The FOMC's hawkish recalibration, landing within 12 hours of the deal confirmation, creates a cross-asset tension that equity markets are navigating with caution. The S&P 500 closed Wednesday at approximately 7,516, up modestly, with the initial FOMC reaction partially offset by the disinflationary signal from lower oil. The FTSE 100 closed near 10,508; the index benefits structurally from a lower energy import bill, though the energy-sector weighting creates a direct drag on constituent values that partially cancels the macro tailwind. European equity markets, the region most exposed to Hormuz through import dependence, are pricing this morning's opening constructively.
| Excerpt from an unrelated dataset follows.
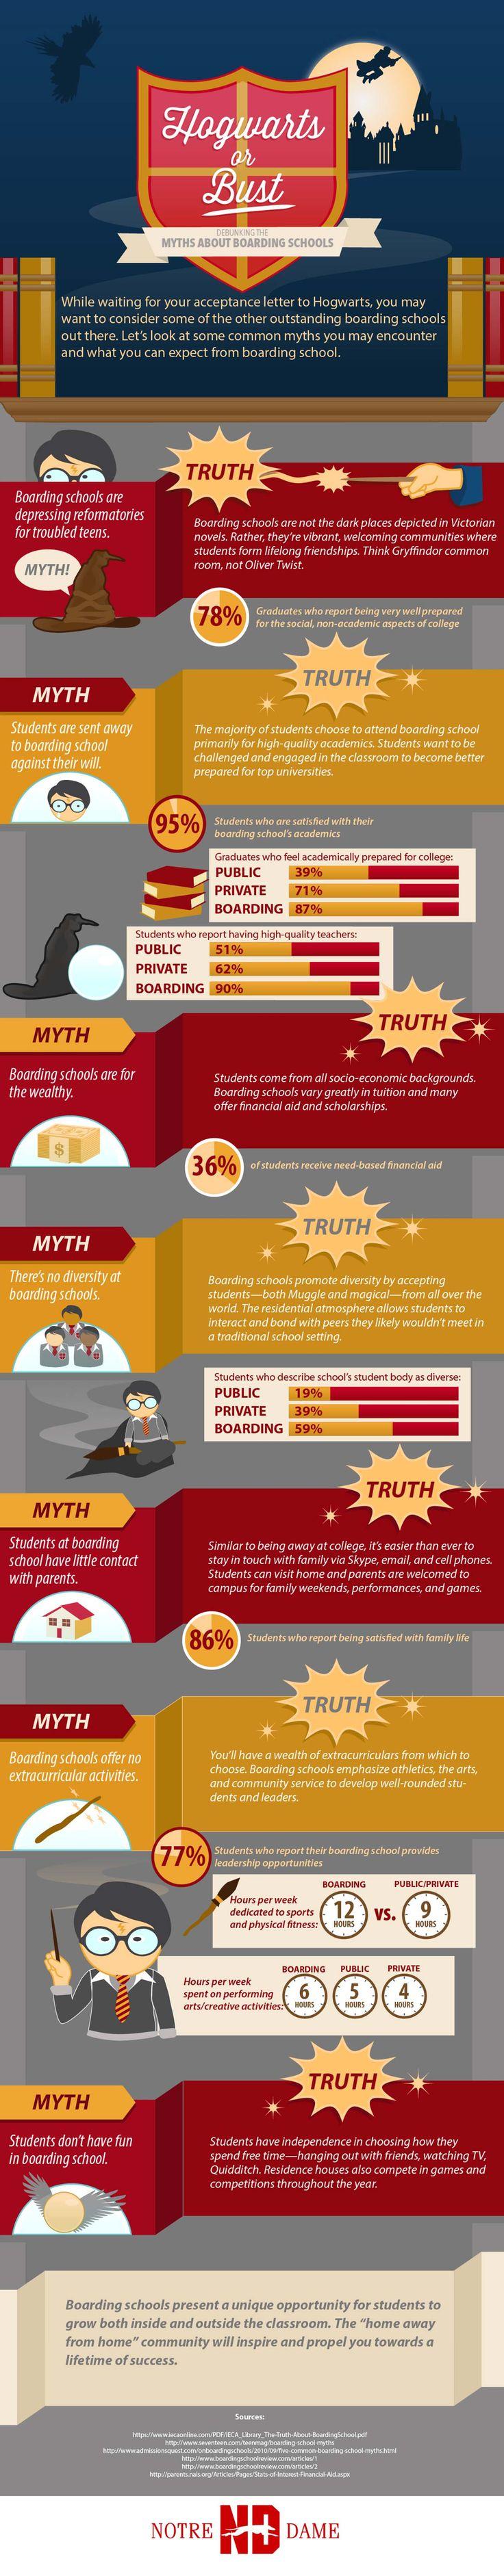 Hogwarts or Bust: Boarding School Myths and Truths #infographic #Education #BoardingSchool

The medium-term read on global markets turns on two questions. First, whether Warsh's committee follows through on the October hike the dot plot implies: a further 25 basis points from 3.75% to 4.00% would compress equity multiples modestly but is unlikely to derail risk appetite while oil is deflating the inflation outlook. Second, whether the deal's implementation phase holds: the uranium stockpile inspection clause that complicated previous rounds has not been publicly confirmed as resolved, and any technical breakdown from the signed MOU would trigger a rapid repricing of the risk premium across energy and emerging-market FX. The base case is that neither event produces a sharp reverse before September.
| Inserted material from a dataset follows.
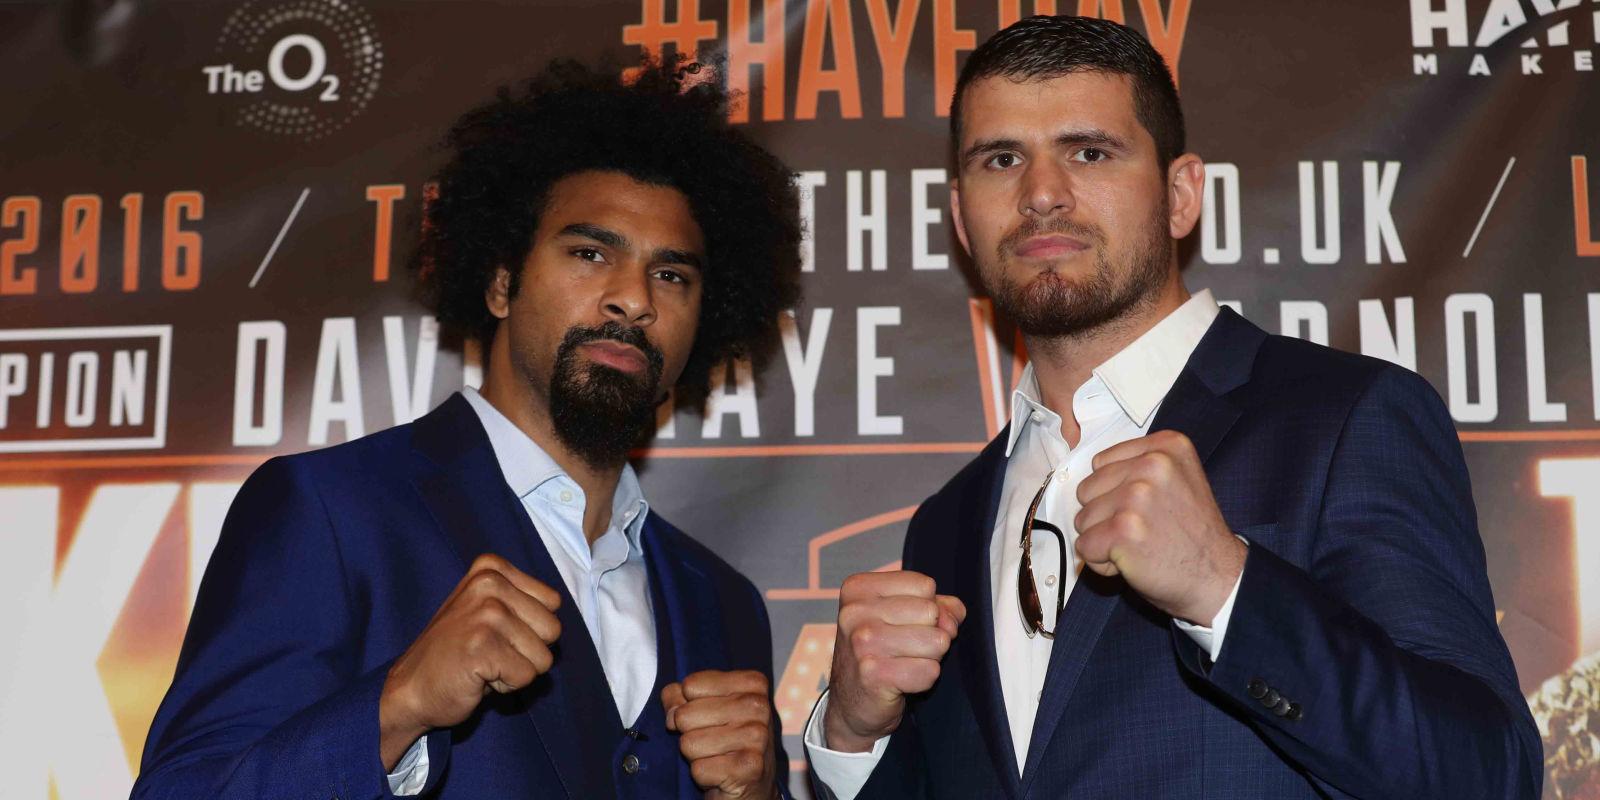 david hayes next fight

Brent at $75.80 compares with $92.40 on 1 June and above $116 at the April peak, a three-stage descent that maps onto the deal's three phases: MOU drafted, substance agreed, and MOU signed. The next range to monitor is $73 to $78: that corridor captures where supply reactivation logistics meet the spot market. If reopening proceeds cleanly and the first production increments arrive ahead of schedule, $73 is the near-term support test; if implementation delays or a clause dispute emerge, a bounce toward $79 is the pullback scenario. At $75.80, the current level sits near the midpoint of that anticipated range, and the balance of risk tilts toward the lower half if the deal holds as signed.